Director de rancho folclórico de Abrantes condenado a cinco anos de prisão por abusar de menor
Homem de 55 anos, ligado a um rancho infantil de Casais de Revelhos, foi condenado por abuso sexual de crianças e importunação sexual. Tribunal aplicou ainda uma proibição de contacto profissional com menores durante 10 anos.
O Tribunal de Abrantes condenou a cinco anos de prisão efectiva um homem de 55 anos por abusos sexuais cometidos sobre uma menor de 13 anos num rancho folclórico do concelho, onde exercia funções de direcção. De acordo com o acórdão lido no juízo local criminal de Abrantes, o arguido foi considerado culpado, em cúmulo jurídico, pela prática de um crime de abuso sexual de crianças e de um crime de abuso sexual através de importunação sexual. Além da pena de prisão, foi ainda condenado ao pagamento de uma indemnização de 10 mil euros à vítima, acrescida de juros de mora.
O tribunal determinou também uma pena acessória de 10 anos, período durante o qual o homem fica impedido de exercer qualquer profissão, função ou actividade que implique contacto regular com menores. Na sentença, a juíza ordenou ainda a recolha de amostras biológicas para elaboração do perfil de ADN, justificando a medida com o “grave perigo de continuação da actividade criminosa”, tendo em conta que o arguido era ensaiador de um rancho infantil. Os factos remontam a Agosto de 2017, mas a denúncia só foi formalizada no final de 2022, quando a jovem, já com 18 anos, contou aos pais o que tinha acontecido. Segundo a investigação da Polícia Judiciária de Leiria, o agressor aproveitou-se da proximidade e da ascendência que tinha sobre a vítima, por ser responsável pelo grupo de dança que esta frequentava.
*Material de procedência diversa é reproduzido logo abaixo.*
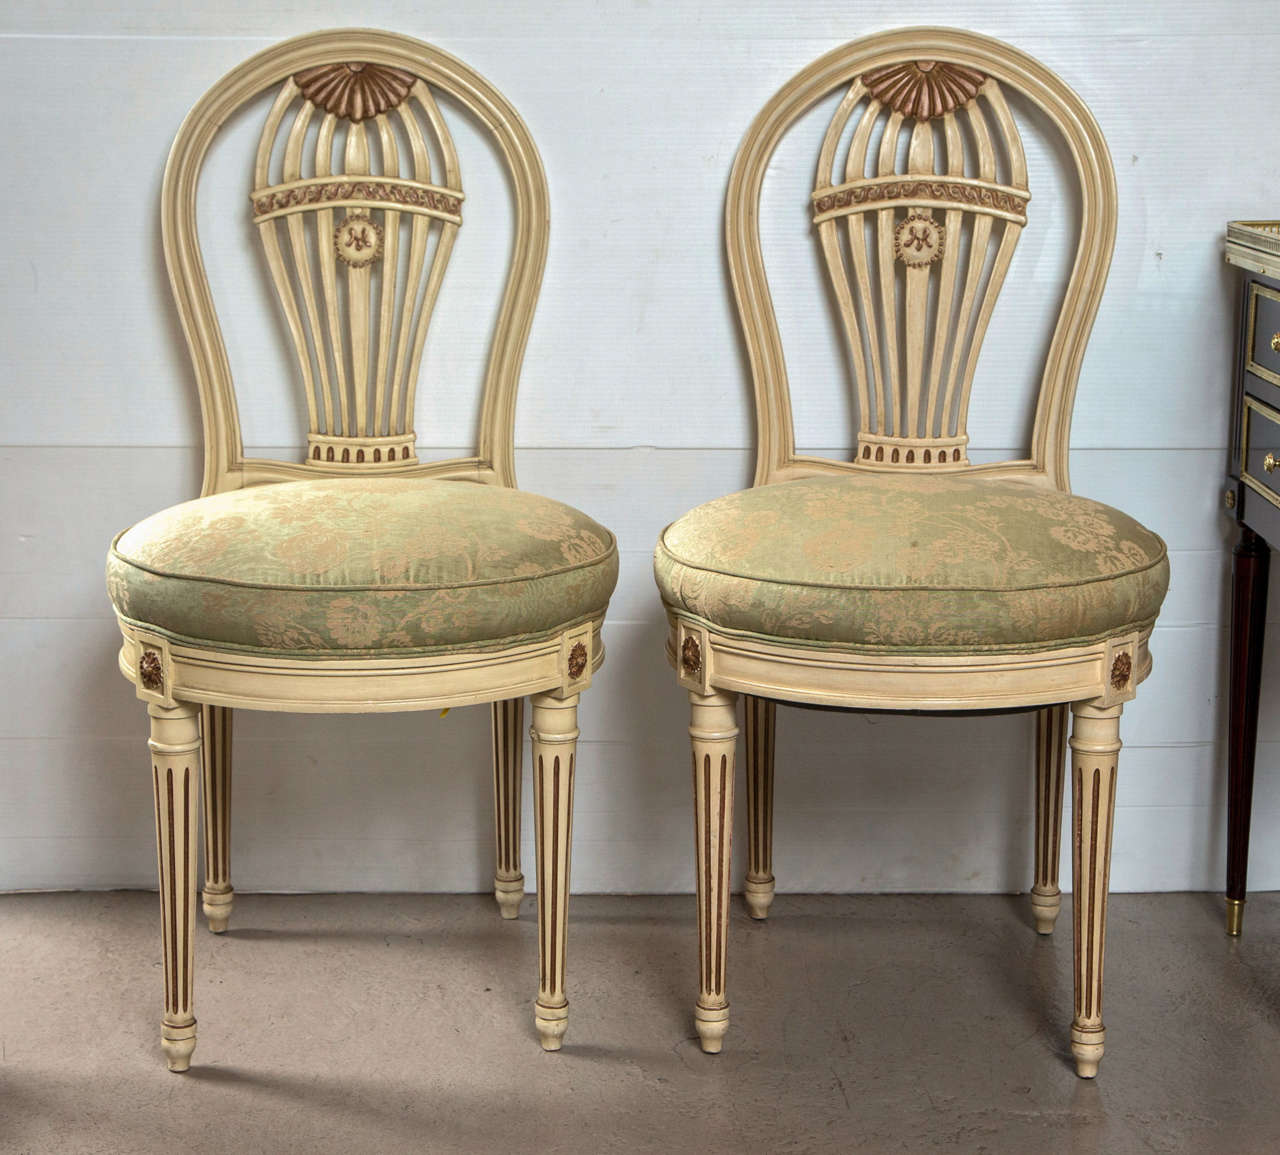 A fine set of ten dining chairs by Maison Jansen. Each having a gilt gold and off white paint decorated finish. The Louis XVI Style legs leading to a circular apron with gilt corner decorations and covered in a recent fabric. The back splats having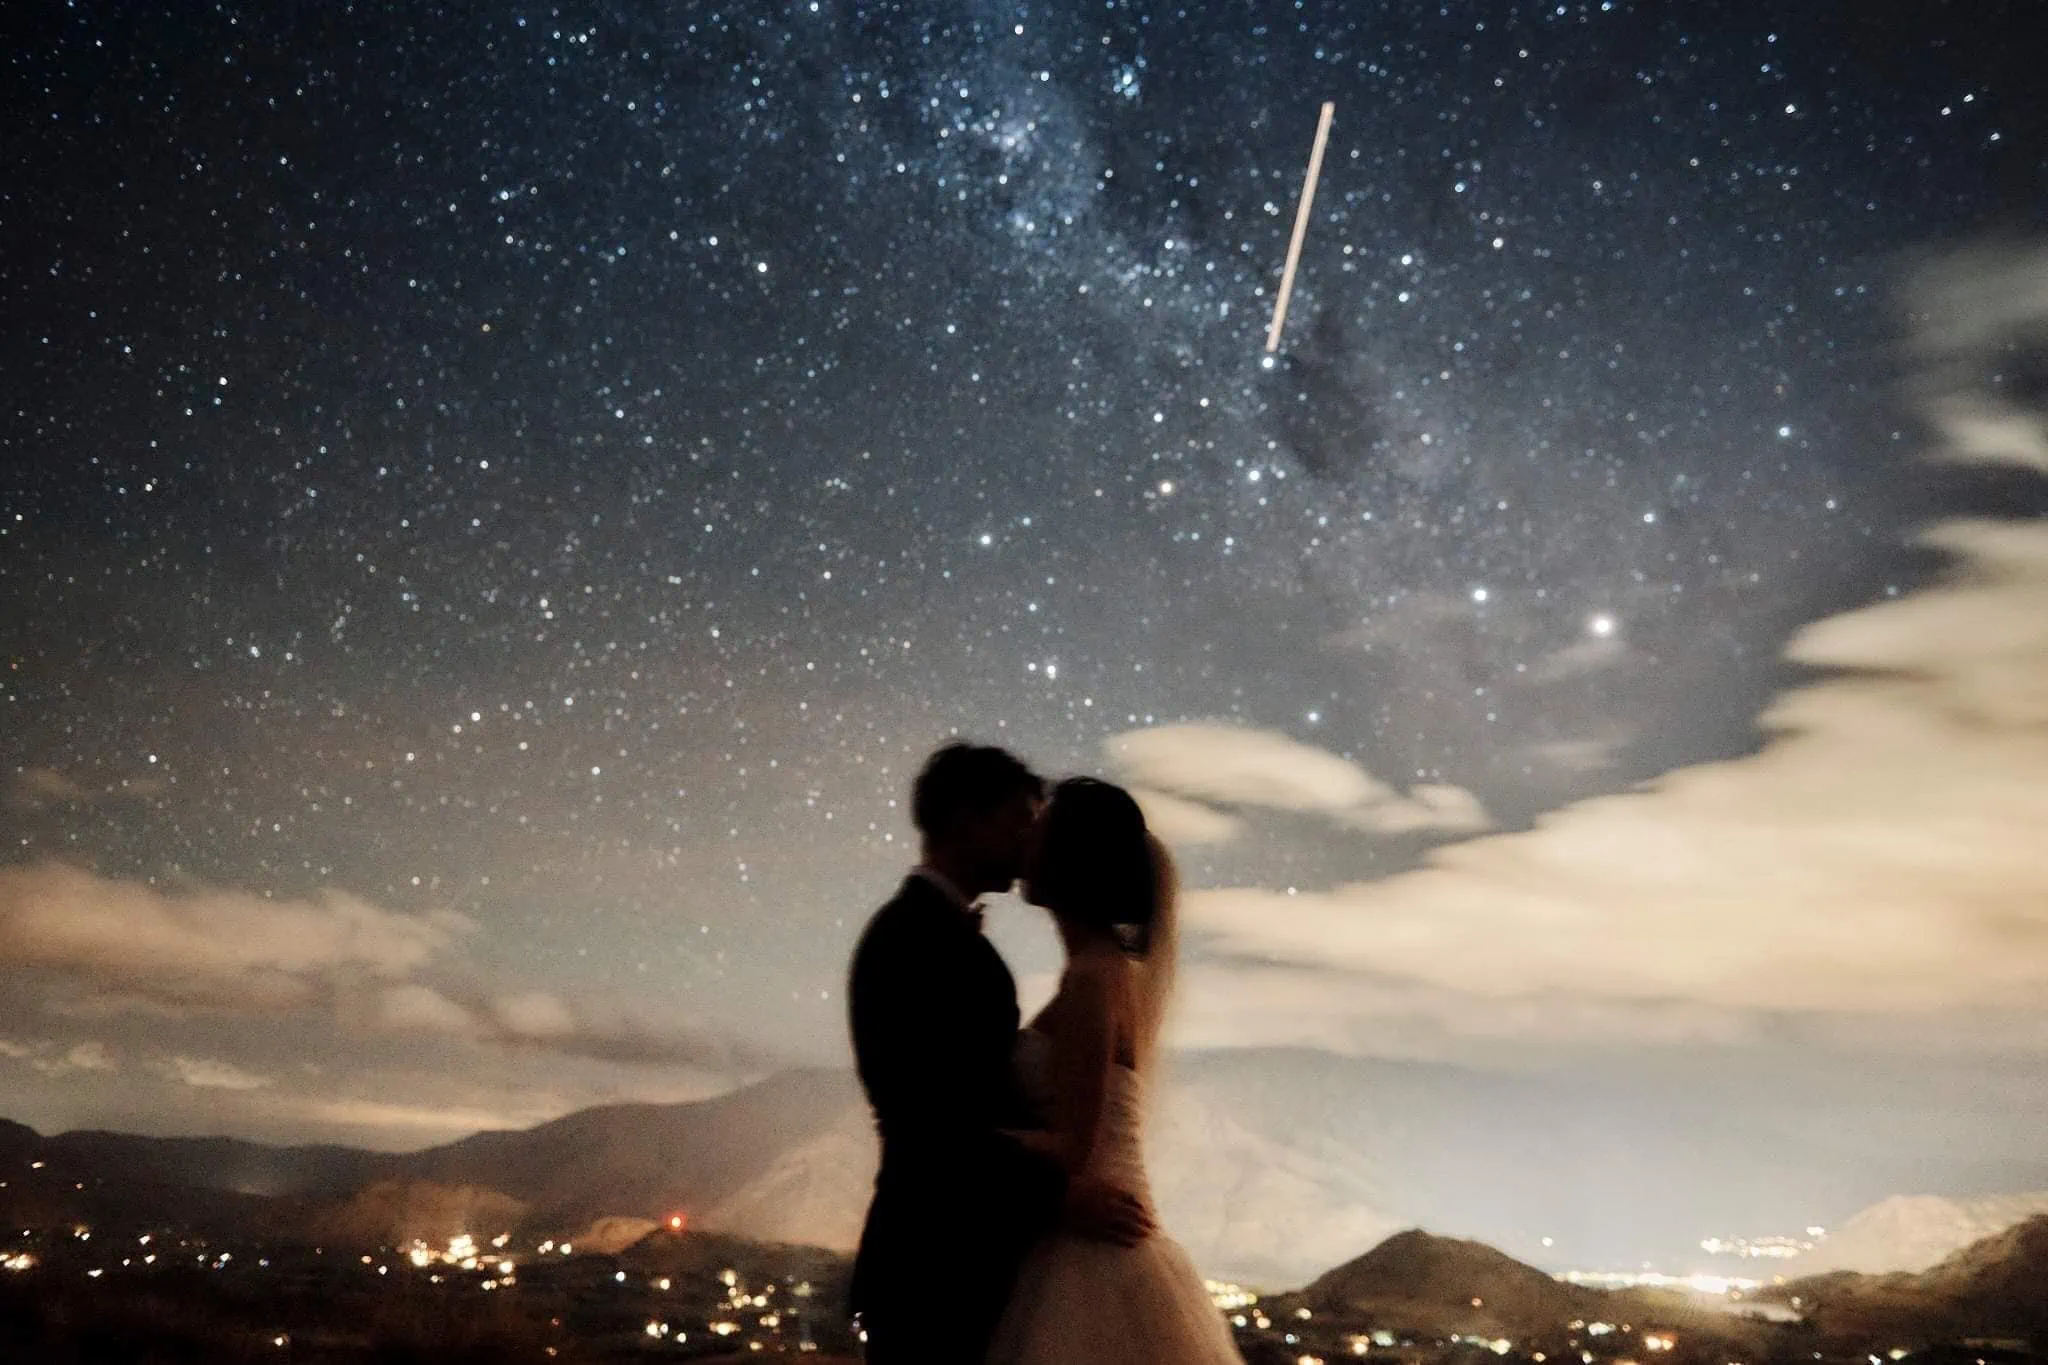 Queenstown New Zealand Elopement Wedding Photographer - A mesmerizing starry night shoot showcasing a passionate moment between a bride and groom.

Na altura da detenção, em Fevereiro de 2023, a PJ indicou que os abusos não tinham sido um acto isolado e que provocaram consequências graves na vida da jovem, nomeadamente acompanhamento psiquiátrico e a perda de um ano escolar. O arguido aguardou o desenrolar do processo sujeito a medidas de coacção que já o impediam de contactar com menores. A decisão ainda não transitou em julgado e pode ser alvo de recurso. O acórdão determina igualmente que, após trânsito em julgado, as penas acessórias sejam comunicadas oficialmente à organização do rancho folclórico onde o homem exercia funções. Ainda hoje, o nome do arguido constava no site oficial da Federação do Folclore Português como director de secção do Rancho Folclórico e Etnográfico de Casais de Revelhos, em Abrantes.